Run the kubectl get command to find the Secrets Store Provider and CSI Driver pods that run on the same node that your application pod runs on:
kubectl get pod -l 'app in (secrets-store-provider-azure, secrets-store-csi-driver)' -n kube-system -o wide
Run the kubectl logs command to view logs from the Secrets Store Provider pod:
kubectl logs -n kube-system <provider-pod-name> --since=1h | grep ^E
Run the kubectl logs command to view logs from the Secrets Store CSI Driver pod:
kubectl logs -n kube-system <csi-driver-pod-name> -c secrets-store --since=1h | grep ^E
Once you collect the Secrets Store Provider and CSI Driver pod logs, analyze these logs against the causes mentioned in the following sections to identify the issue and corresponding solution.
Note
If you open a support request, it's a good idea to include the relevant logs from the Azure Key Vault Provider and the Secrets Store CSI Driver.
Cause 1: Couldn't retrieve the key vault token
You might see the following error entry in the logs or event messages:
Warning FailedMount 74s kubelet MountVolume.SetUp failed for volume "secrets-store-inline" : kubernetes.io/csi: mounter.SetupAt failed: rpc error: code = Unknown desc = failed to mount secrets store objects for pod default/test, err: rpc error: code = Unknown desc = failed to mount objects, error: failed to get keyvault client: failed to get key vault token: nmi response failed with status code: 404, err: <nil>
This error occurs because a Node Managed Identity (NMI) component in aad-pod-identity returned an error message about a token request.
Solution 1: Check the NMI pod logs
For more information about this error and how to resolve it, check the NMI pod logs, and refer to the Microsoft Entra pod identity troubleshooting guide.
Cause 2: The provider pod can't access the key vault instance
You might see the following error entry in the logs or event messages:
E1029 17:37:42.461313 1 server.go:54] failed to process mount request, error: keyvault.BaseClient#GetSecret: Failure sending request: StatusCode=0 -- Original Error: context deadline exceeded
This error occurs because the provider pod can't access the key vault instance.
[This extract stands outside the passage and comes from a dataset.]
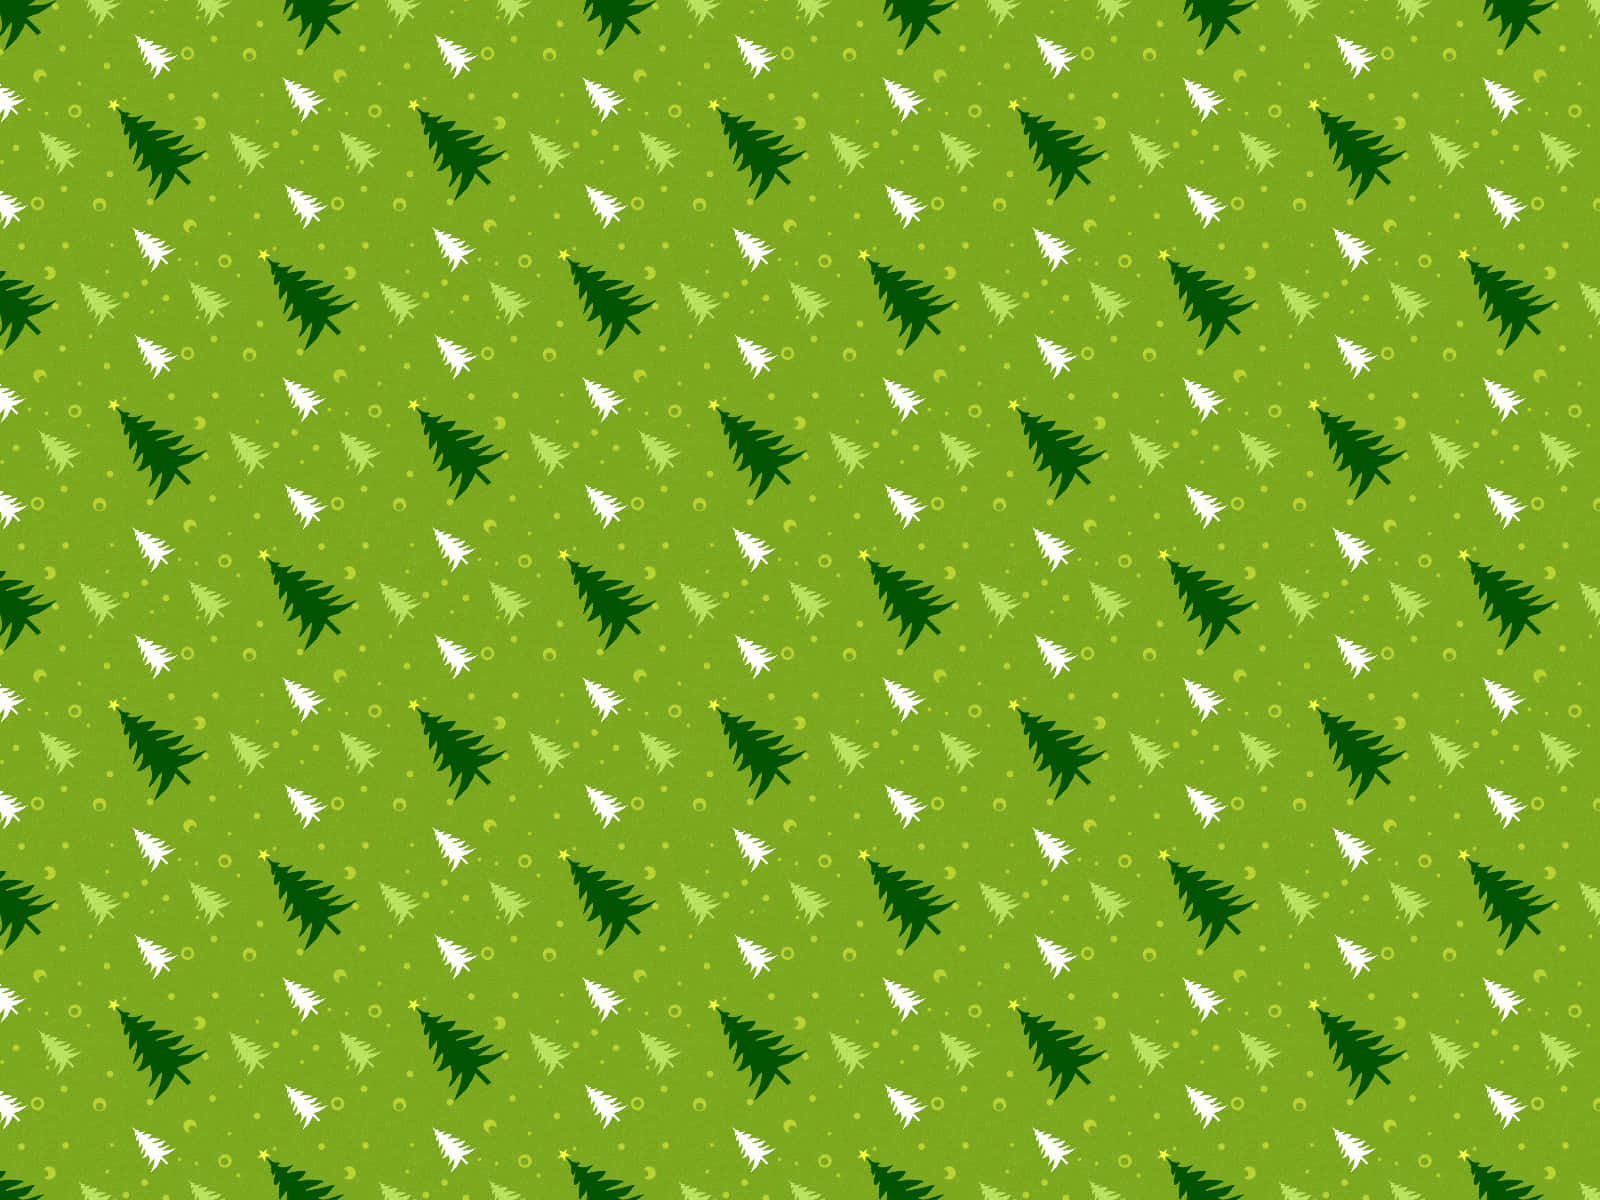 A Green Christmas Tree Pattern With White Dots Wallpaper

Access might be prevented for any of the following reasons:
A firewall rule is blocking egress traffic from the provider.
Network policies that are configured in the AKS cluster are blocking egress traffic.
The provider pods run on the host network. A failure might occur if a policy is blocking this traffic or if network jitters occur on the node.
Solution 2: Check network policies, allowlist, and node connection
To fix the issue, take the following actions:
Put the provider pods on the allowlist.
Check for policies that are configured to block traffic.
Make sure that the node has connectivity to Microsoft Entra ID and your key vault.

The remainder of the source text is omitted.